081819

Woke up this morning without a hangover, the first Sunday in a long time that that’s happened. I have to thank my previous self of last night for not giving into the urge to just go drown myself in oat sodas, which the idea was on my mind for a good few hours in the evening there as I watched the clock count down until 9PM and the local convenience store closed down for the night. After that, I’d have to drive to 7/11 into town in the opposite direction. That situation also usually ends in fast food, a pile of burgers and onion rings and soybean oil, so double-down on the unhealthiness of it. It’s no wonder that I would wake up, groggy as fuck, splitting headache, fat belly, lions and hyenas in the stomach, depressed, with no motivation and no drive and no desire to ever try to improve (at least until I got some sleep and the fucking chainsaws in my head stopped).

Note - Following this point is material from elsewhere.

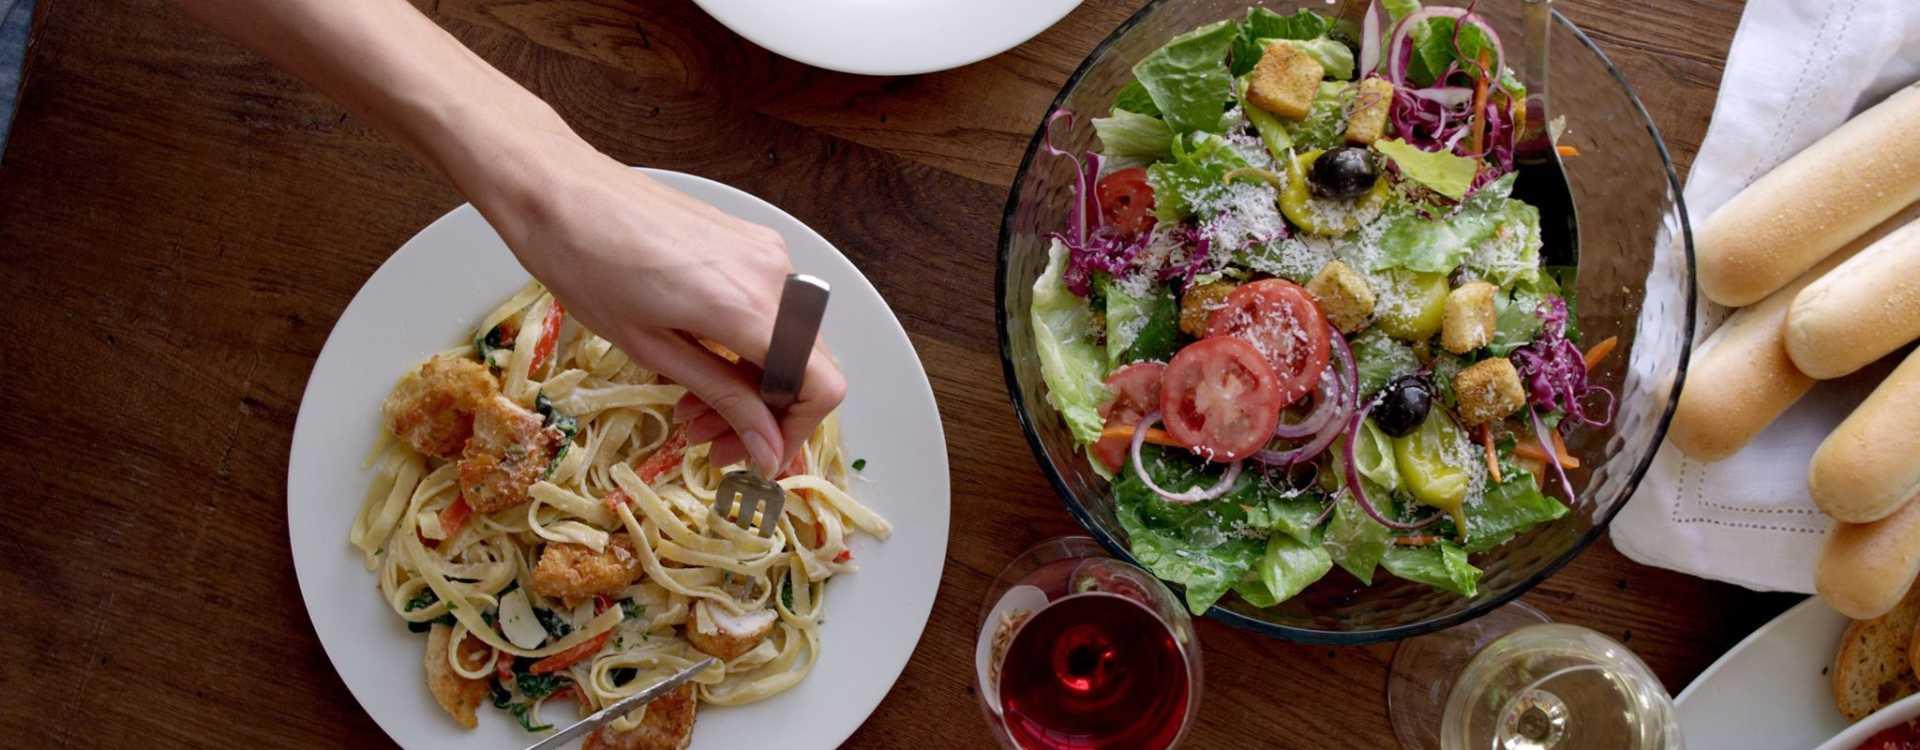 Olive_Garden_Italian_Restaurant-2.jpg

Years ago I told myself I’d be grateful to my past and future self when I came across the moments to do so. I’ve found a couple here and there when I remembered to, but this facet of self-care never took off much for me. But, when I remembered to do it, to actually be thankful to my past self for not fucking over my future self, things felt good. Accomplished. Encouraged.

Thank you, past self of last night, for not going and getting shitfaced like you wanted to. I realize it felt like the only thing applicable for the nighttime hours when darkness surrounds, but the more you don’t give into that little childish voice, the more that voice will shrink back into the depths where he belongs and he’ll go back to not saying peep.